• _Exercise_
Give the listing again exactly, omitting its images.

• _Provided material_
((

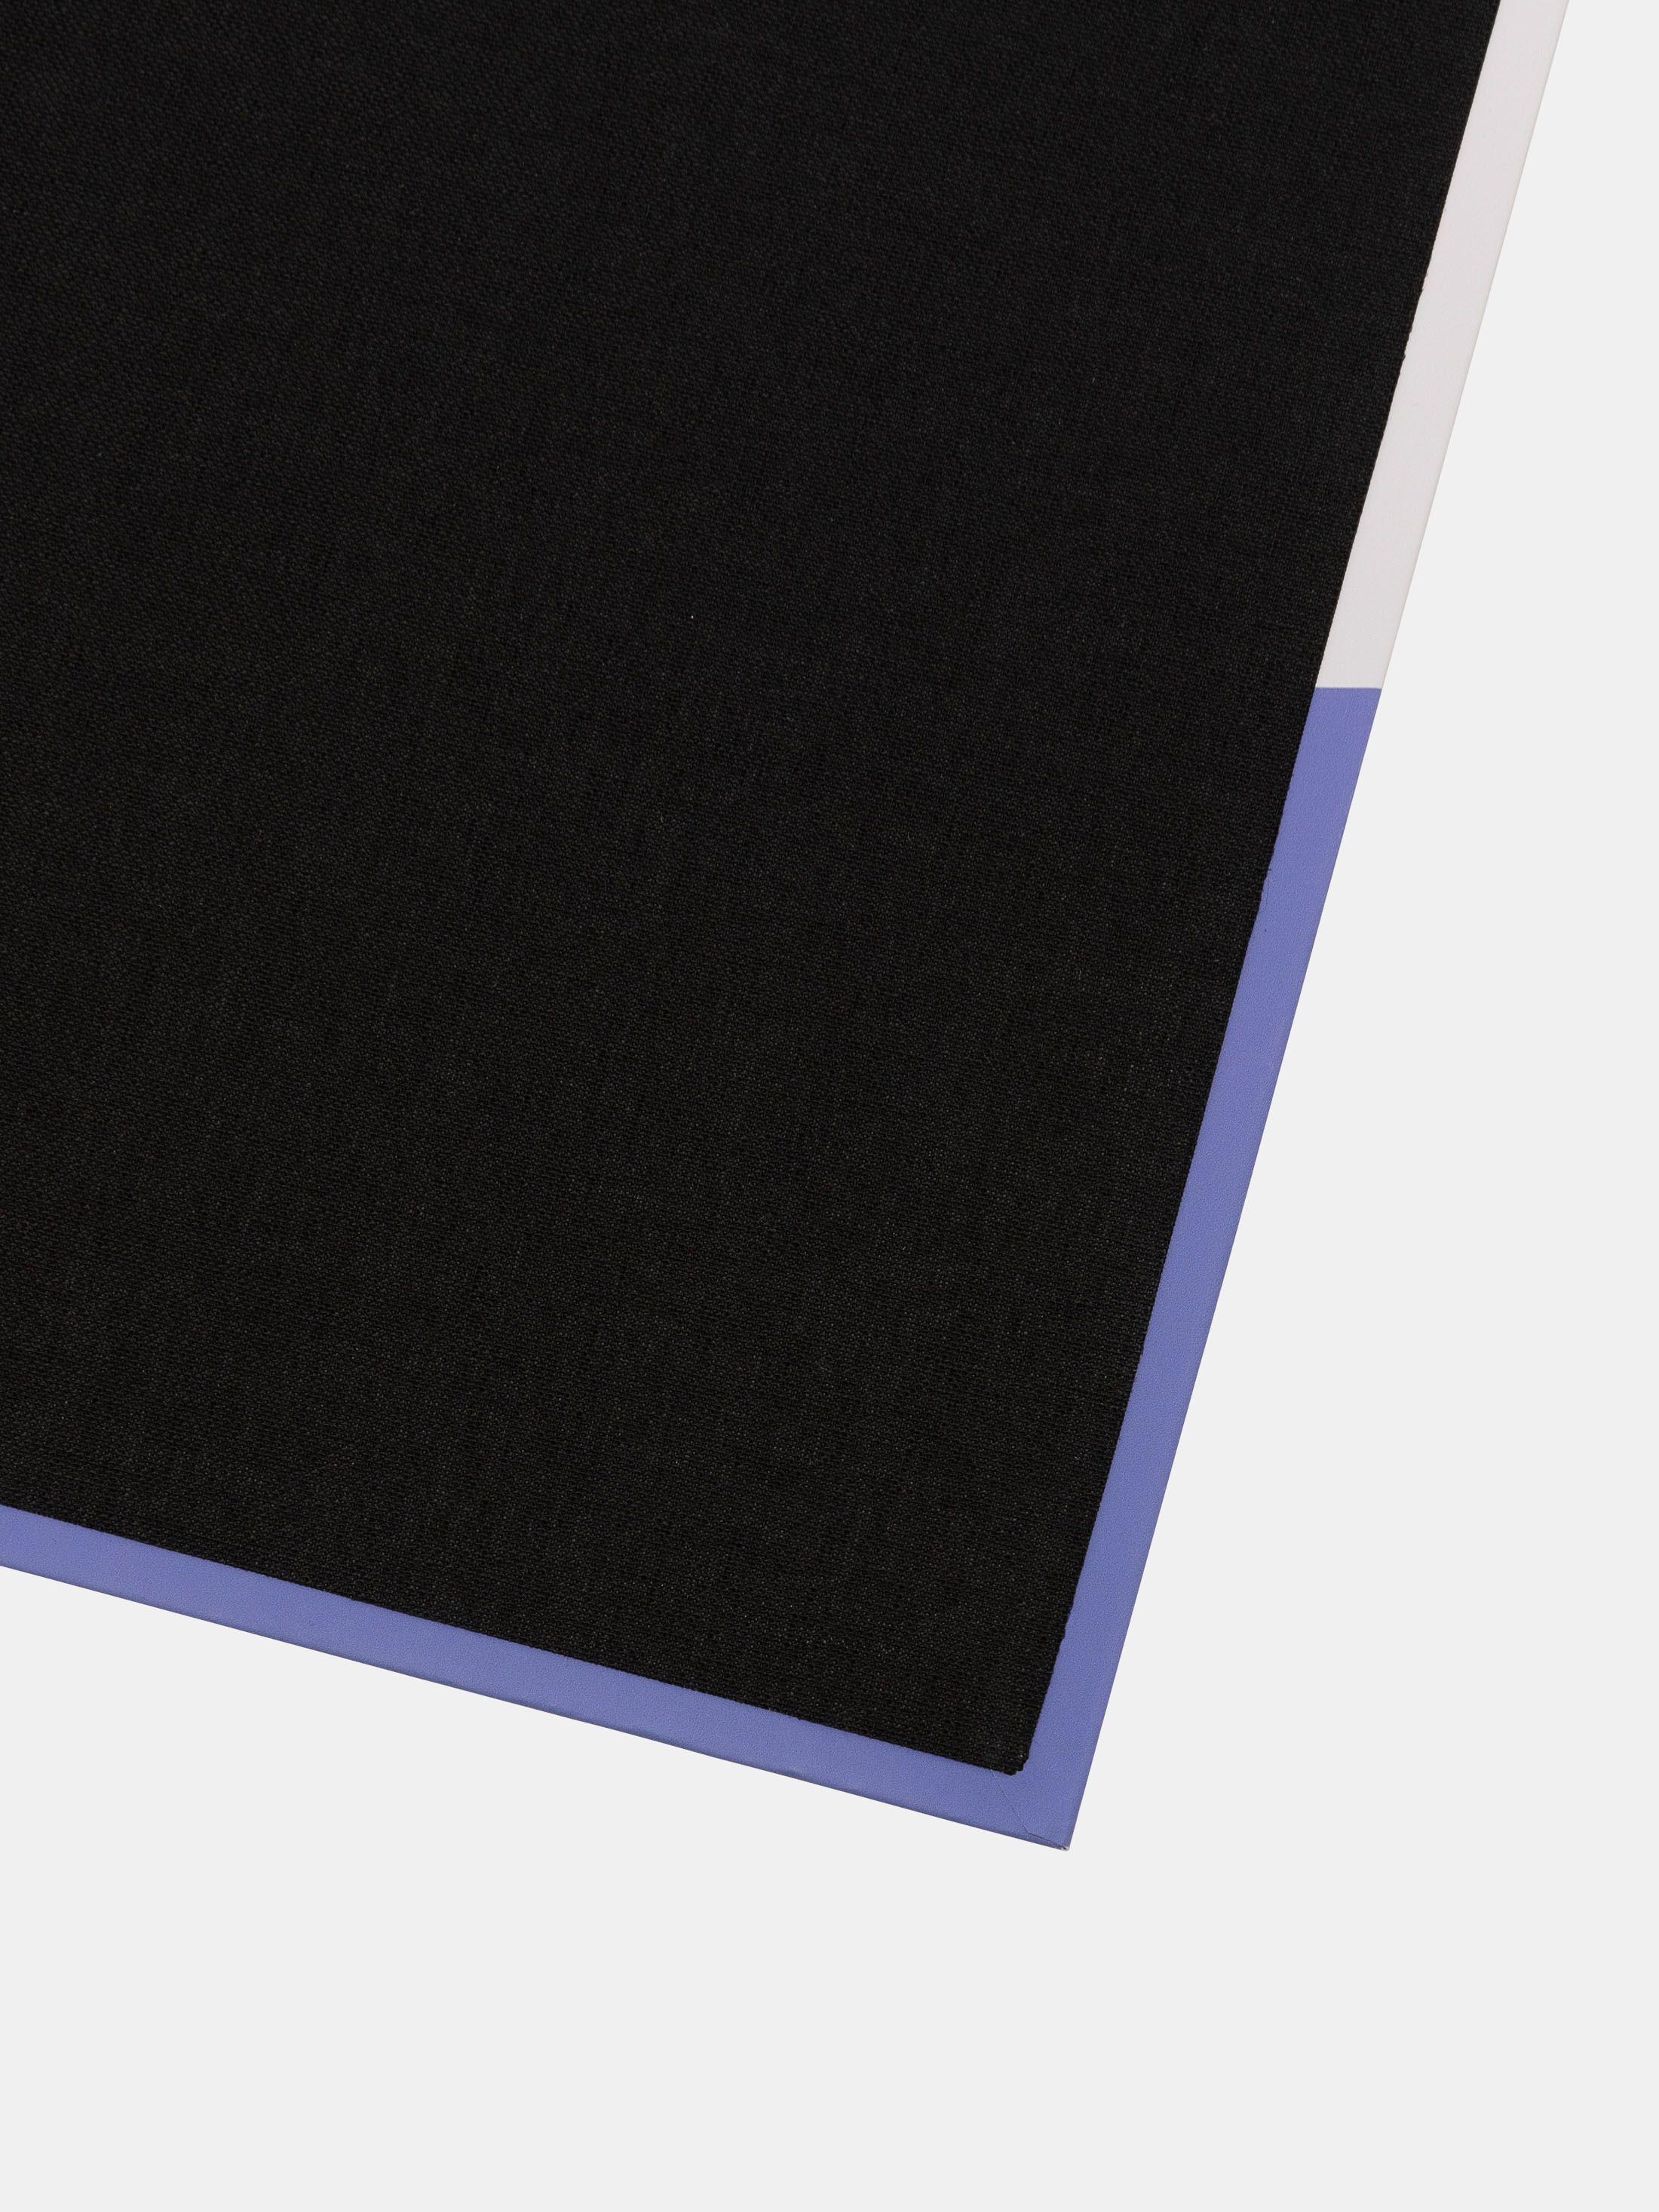 giant card corner details
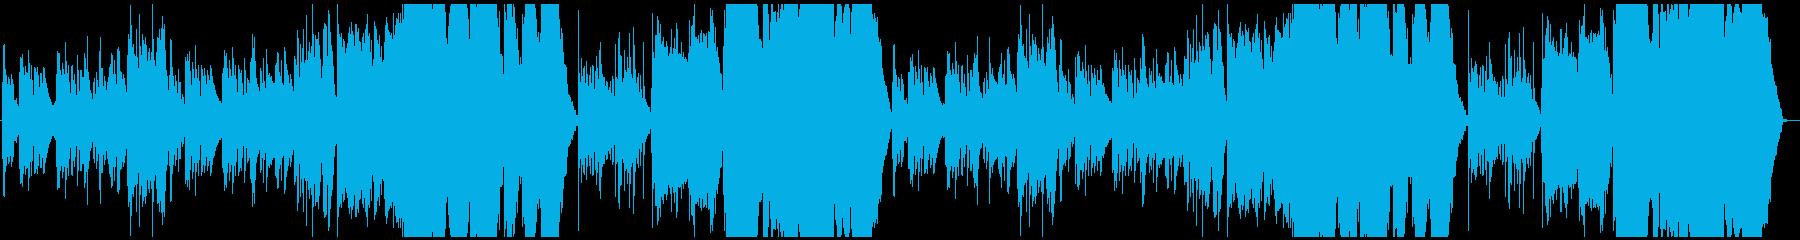 ピアノ&弦の幻想的なワルツの再生済みの波形
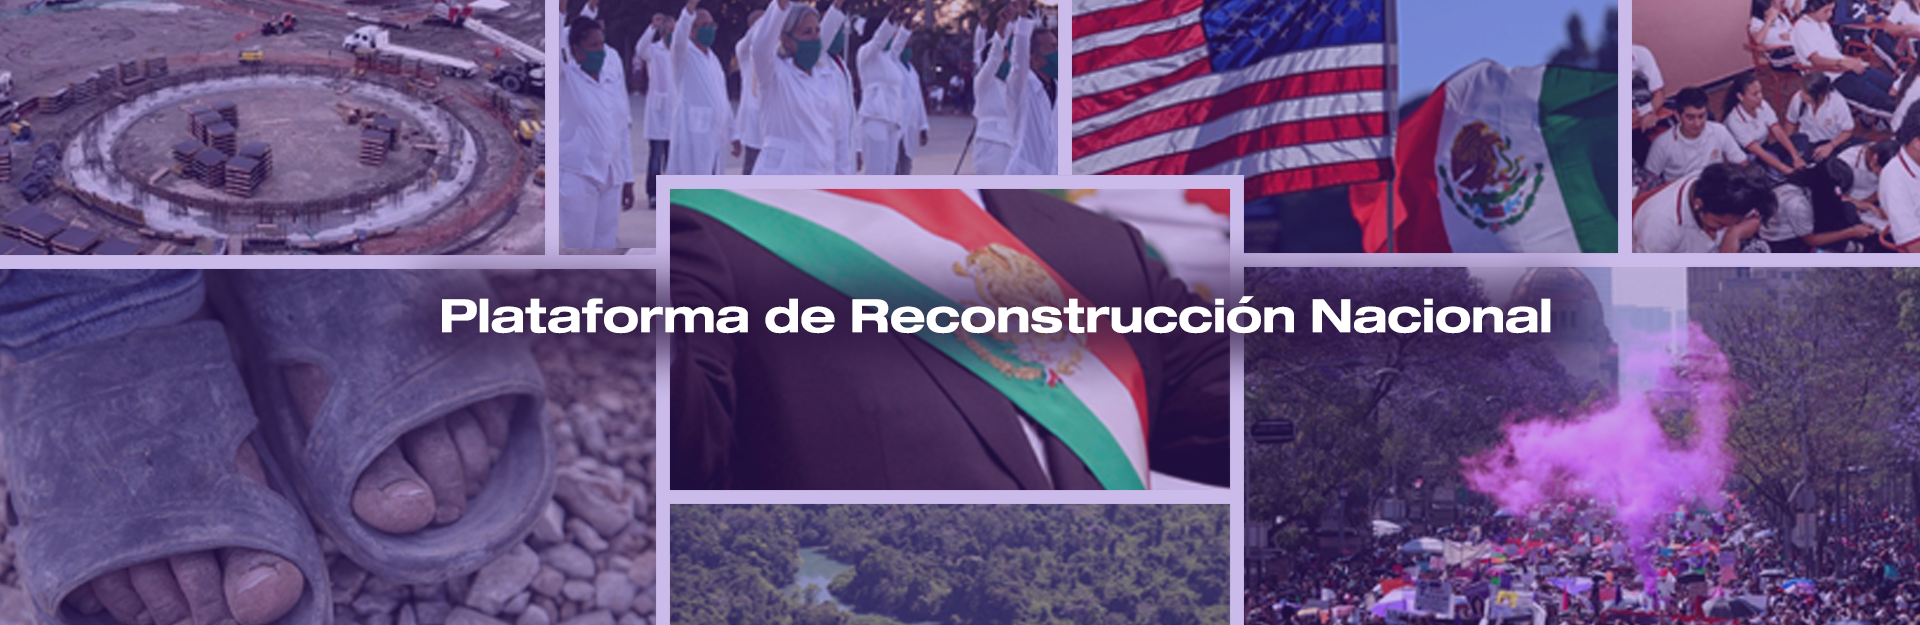 plataforma de reconstrucción nacional Futuro 21

))

• _Written response_
 giant card corner details
 ピアノ&弦の幻想的なワルツの再生済みの波形
 plataforma de reconstrucción nacional Futuro 21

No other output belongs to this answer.